Here's the second part of John Livingstone-Learmonth's overview of this exciting vintage in the southern Rhône.


Scroll down to see tasting notes


Rasteau

Balance is good at Rasteau – a sunny balance that reminds me of classic vintages such as 1985, with the wines well-fruited and the tannins comfortably mild. There are garrigue and herbes de Provence influences, and the wines’ approachable style will go down well with drinkers. There is some similarity to the 2012 vintage, although 2015’s crop was larger.

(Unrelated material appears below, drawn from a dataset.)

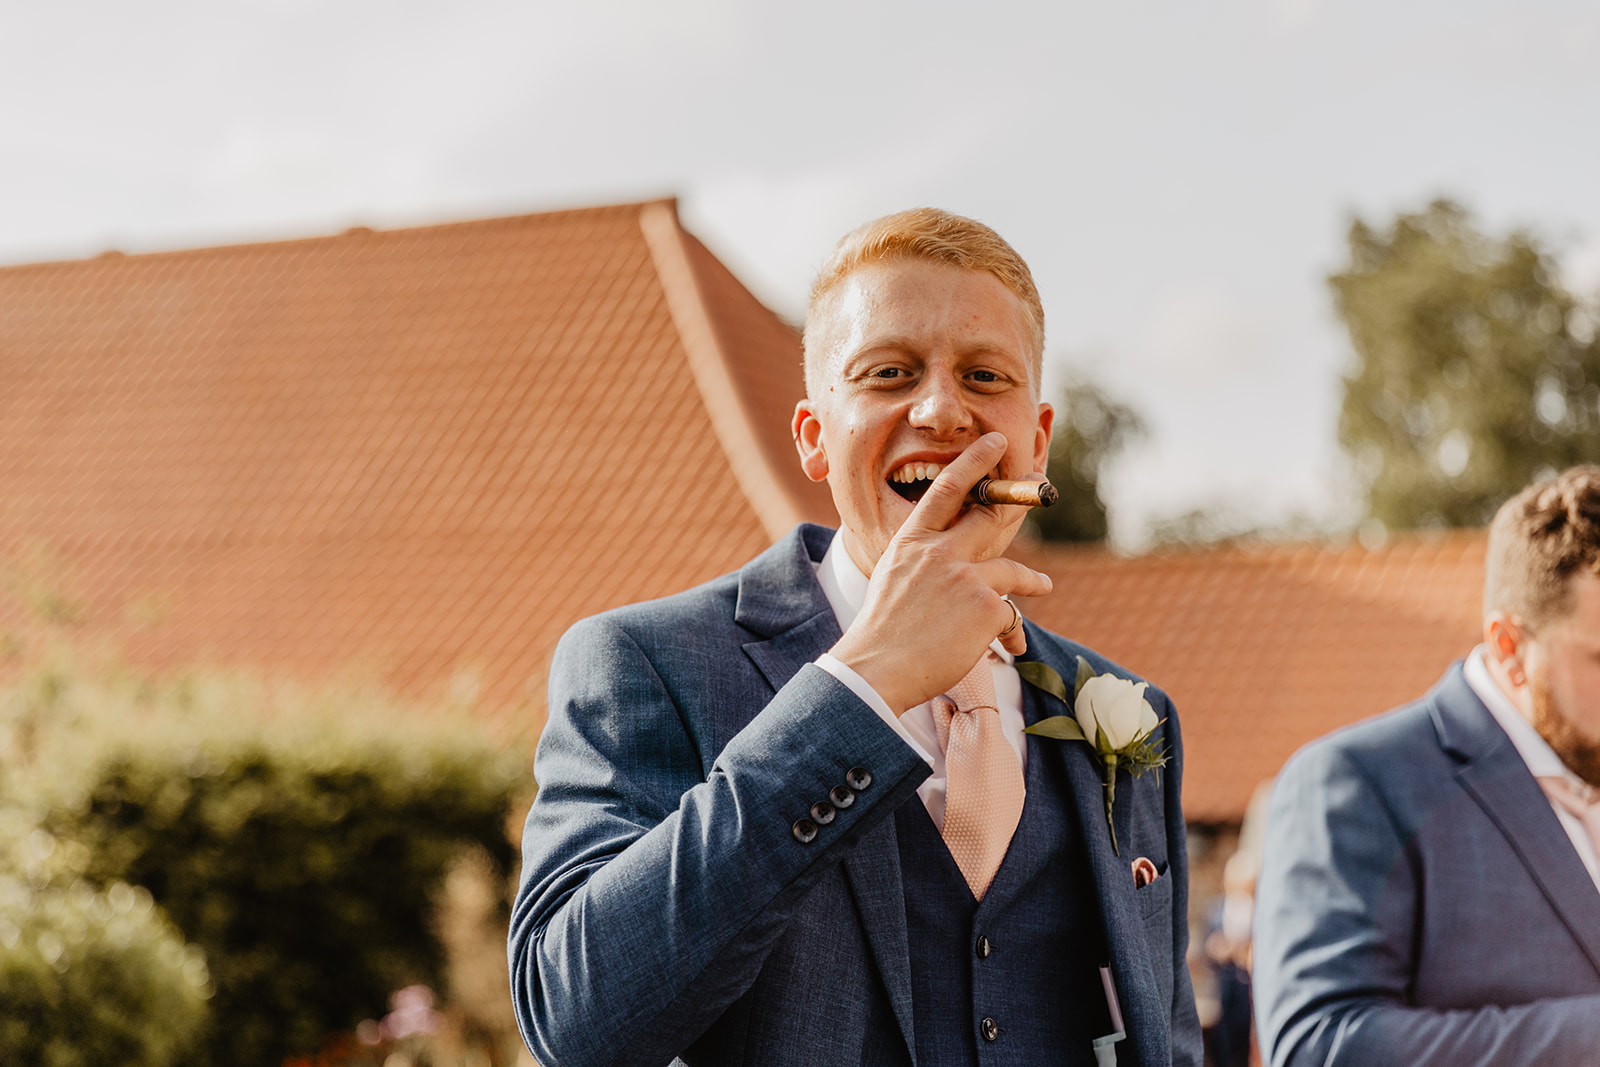 Groom at a Field Place Manor House Wedding in Worthing, Sussex. By Olive Joy Photography

Lirac, Beaumes-de-Venise, Vinsobres

The reds from these areas are all of a good standard. Freshness features at Beaumes-de-Venise and Vinsobres, the latter giving good, free-wheeling Syrah. Lirac’s reds are well-filled and, with winemaking standards rising, these wines can present good value for money.



Cairanne

The 2015 vintage falls perfectly for Cairanne’s first year as a grown-up cru on its own. Many of the leading domaines elected to present their wines as cru, though some have chosen to remain Cairanne Côtes du Rhône Villages (more wine per hectare). The reds are thorough and, even young, show terroir, indicating their balance. The tannins are so well ripened that many will be drinking well in a few months’ time. The whites, however, can lack acidity.

Côtes du Rhône Villages, Côtes du Rhône

This is a vintage to buy from the best names in the Villages and Côtes du Rhône categories. Lots of fruit, some sparky tannins and dashes of enticing flavour are present. Progress in white winemaking also signals a value opportunity for consumers, but focus on the top domaine names.